Certainly an acceptable version of Jack Ryan could have been put into production this year, but the priority was more about launching a new franchise then filling a release slot. The studio’s desire to get the screenplay right prompted Paramount to even shuffle the start dates of Jack Ryan with Pine’s other studio franchise, Star Trek 2. That move was prompted by the exit of Steve Zaillian, who scripted the 1994 Ryan film Clear And Present Danger and did uncredited rewrite work on Patriot Games. Zaillian made a deal to rewrite the reboot script but had a change of heart and withdrew before starting.

Lorenzo di Bonaventura and Mace Neufeld are producing for Paramount and David Ellison’s Skydance Productions is cofinancing the entire Jack Ryan series under its overall Paramount deal. Ellison will also be involved in a producing capacity. Skydance is also partnered with Paramount on Without Remorse.

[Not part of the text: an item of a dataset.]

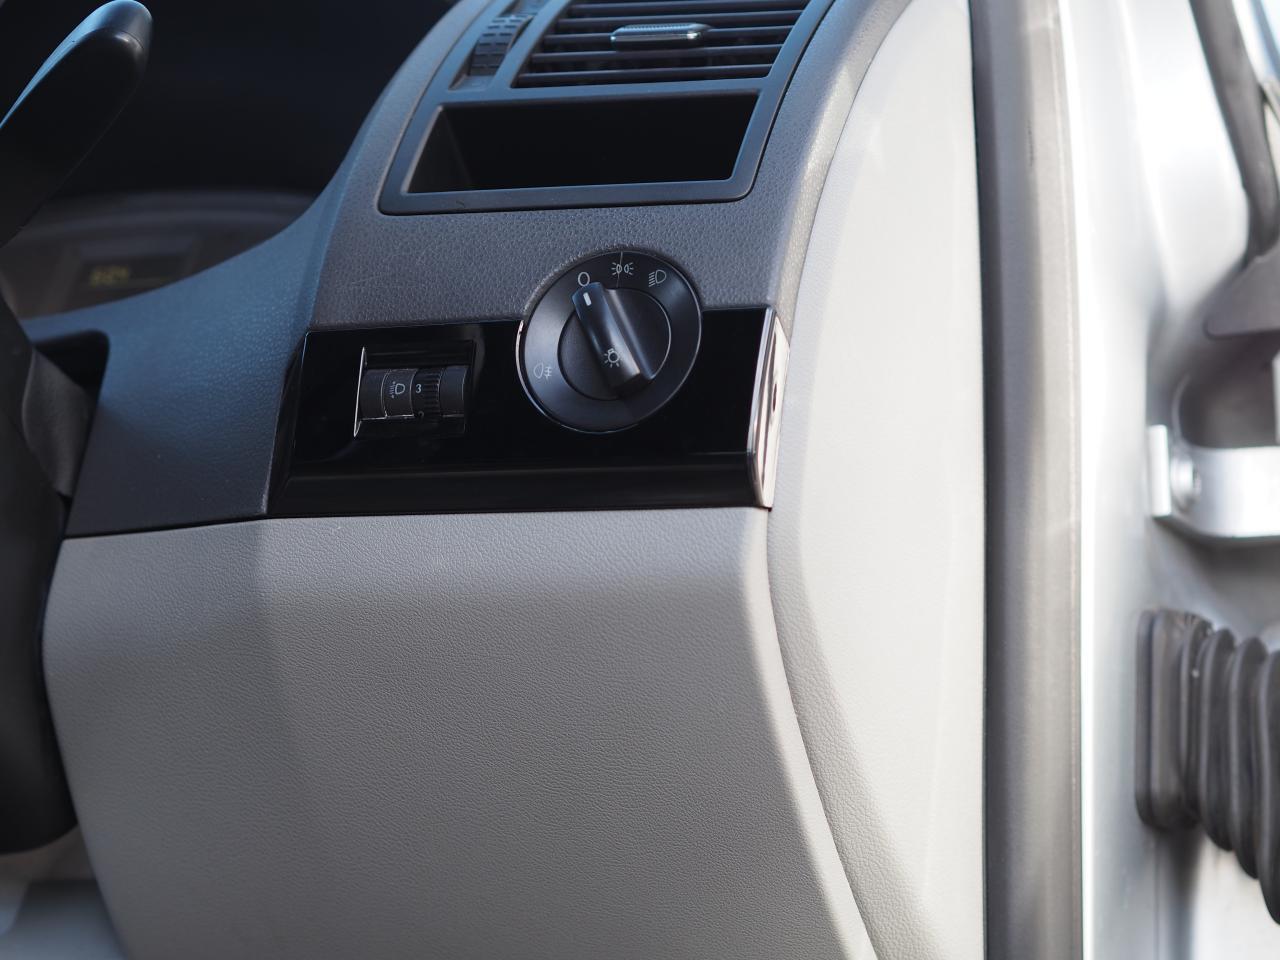 Kit styling completo per interni VW T5.1 Transporter Comfort Dash (SOLO guida a destra)
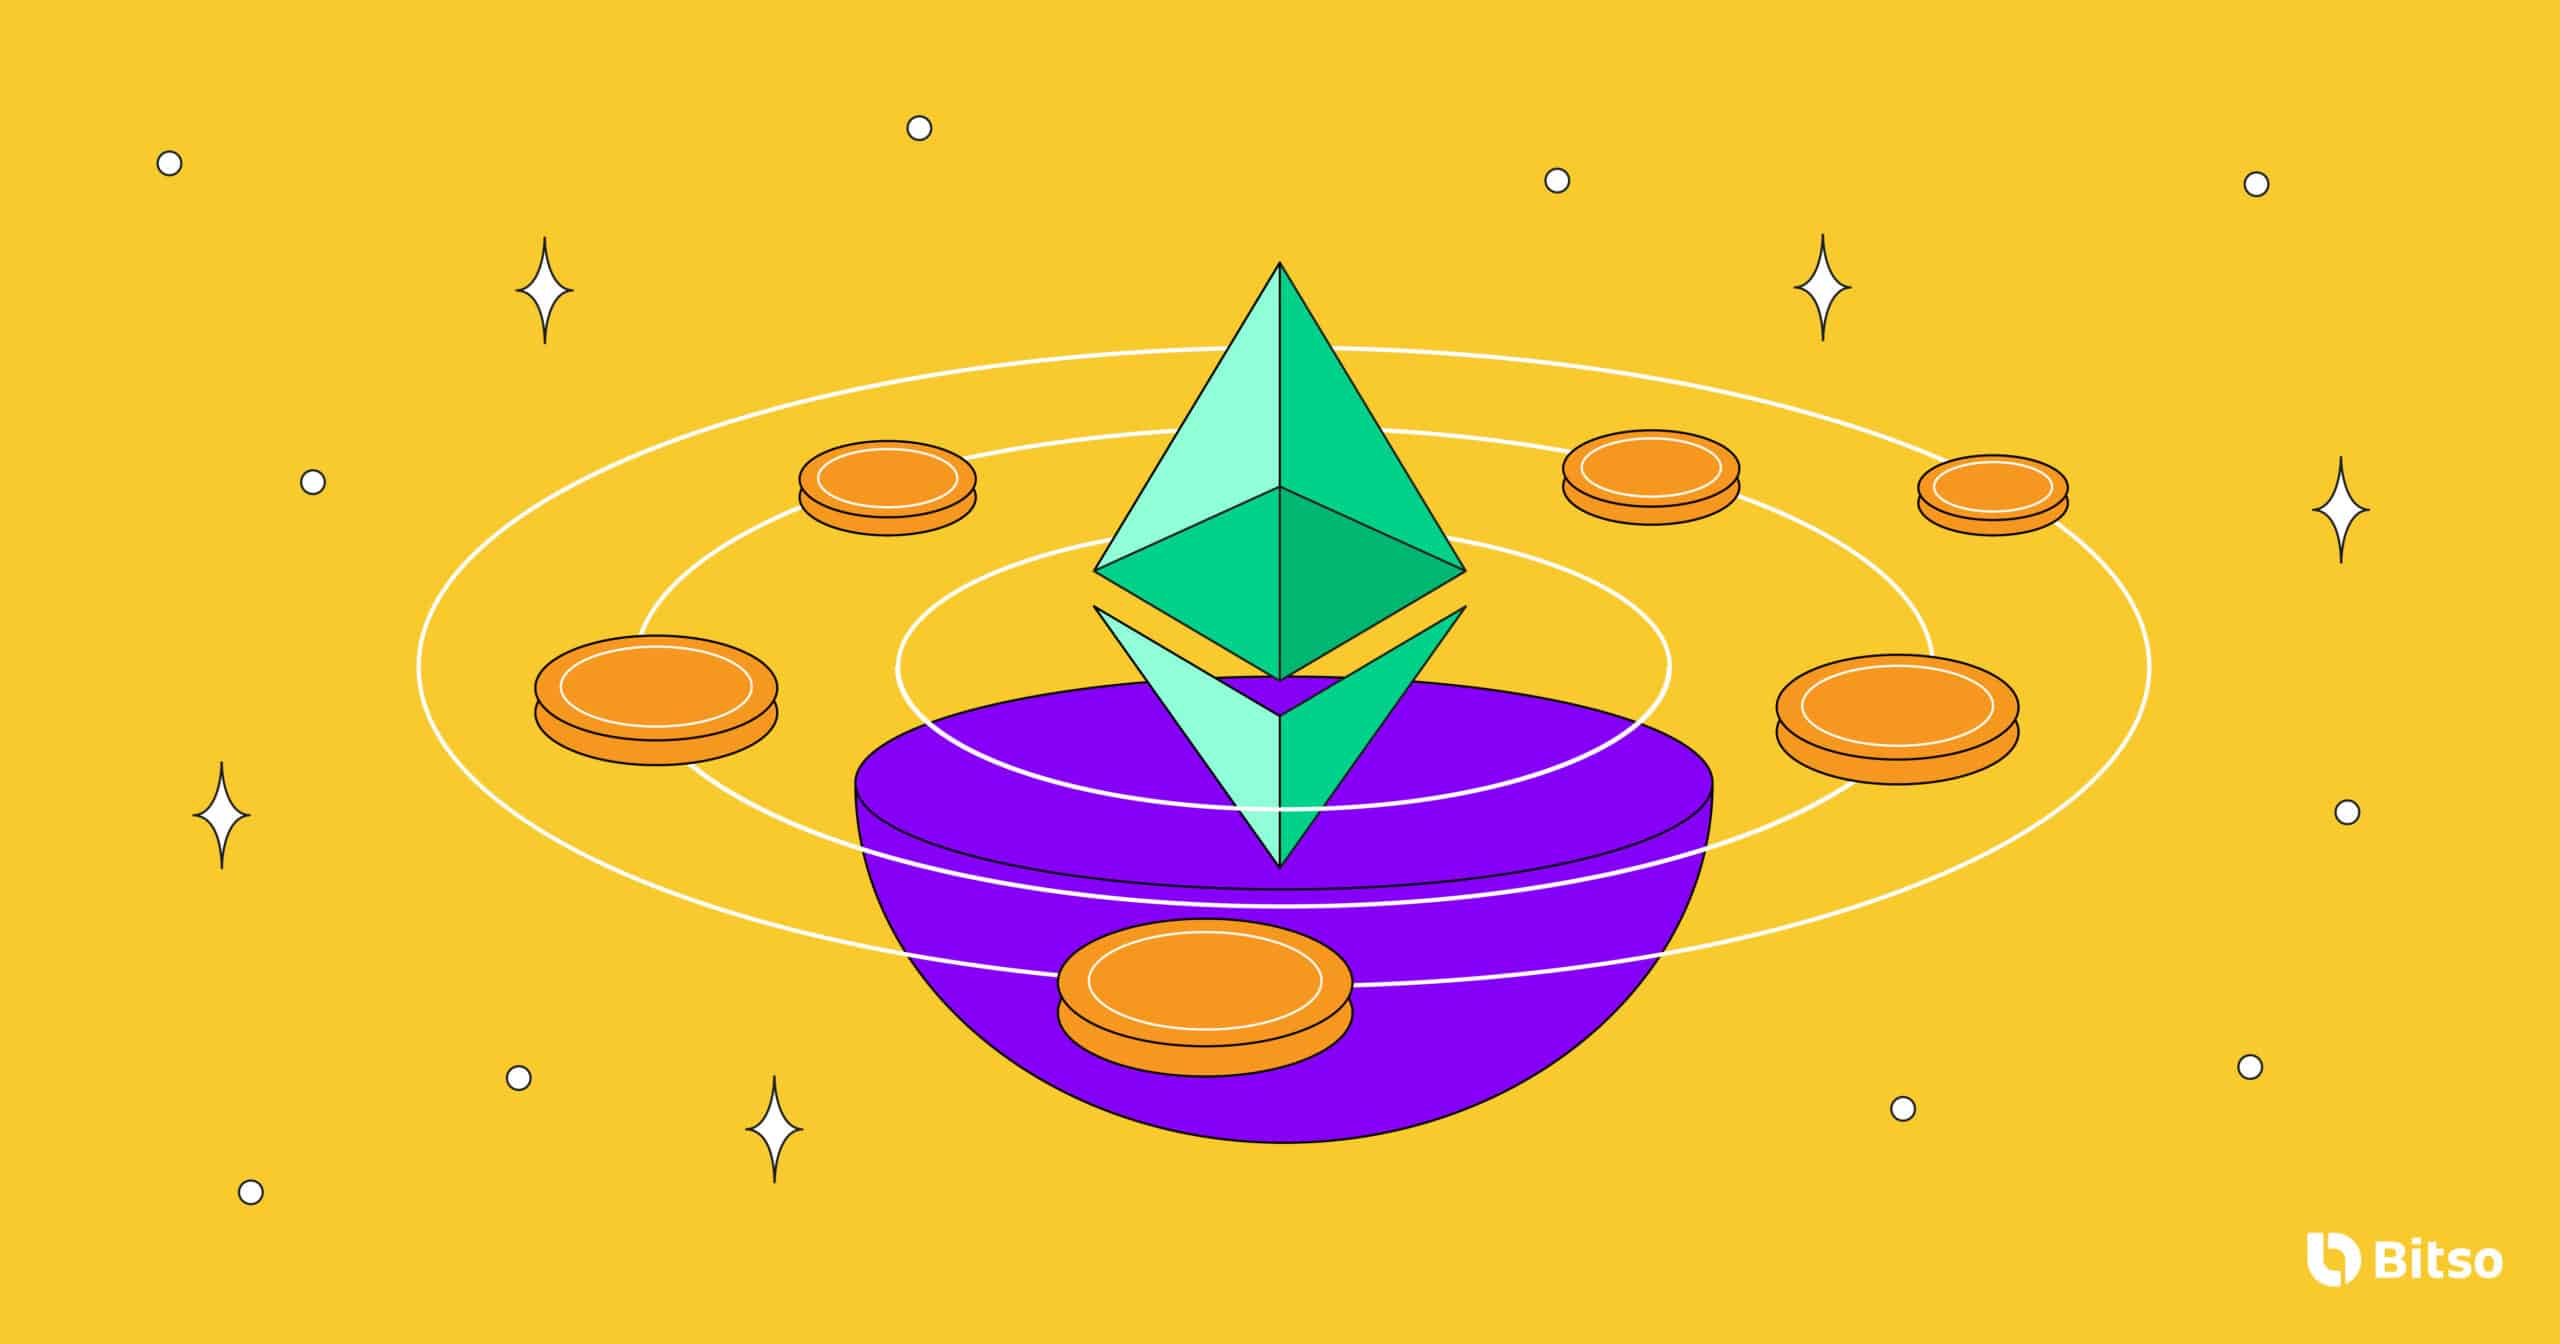 Imagem do logo da Ethereum no centro com moedas ao seu redor.

The Jack Ryan franchise has been dormant since 2002′s The Sum Of All Fears, with Ben Affleck playing a young Ryan in a film that didn’t live up to its predecessors despite a $193M worldwide gross. The franchise was originally launched with Alec Baldwin in the lead role in The Hunt For Red October, which grossed $200M worldwide in 1990. Harrison Ford took over the character for 1992′s Patriot Games, which grossed $178M worldwide, and 1994′s Clear And Present Danger, which grossed $215M worldwide.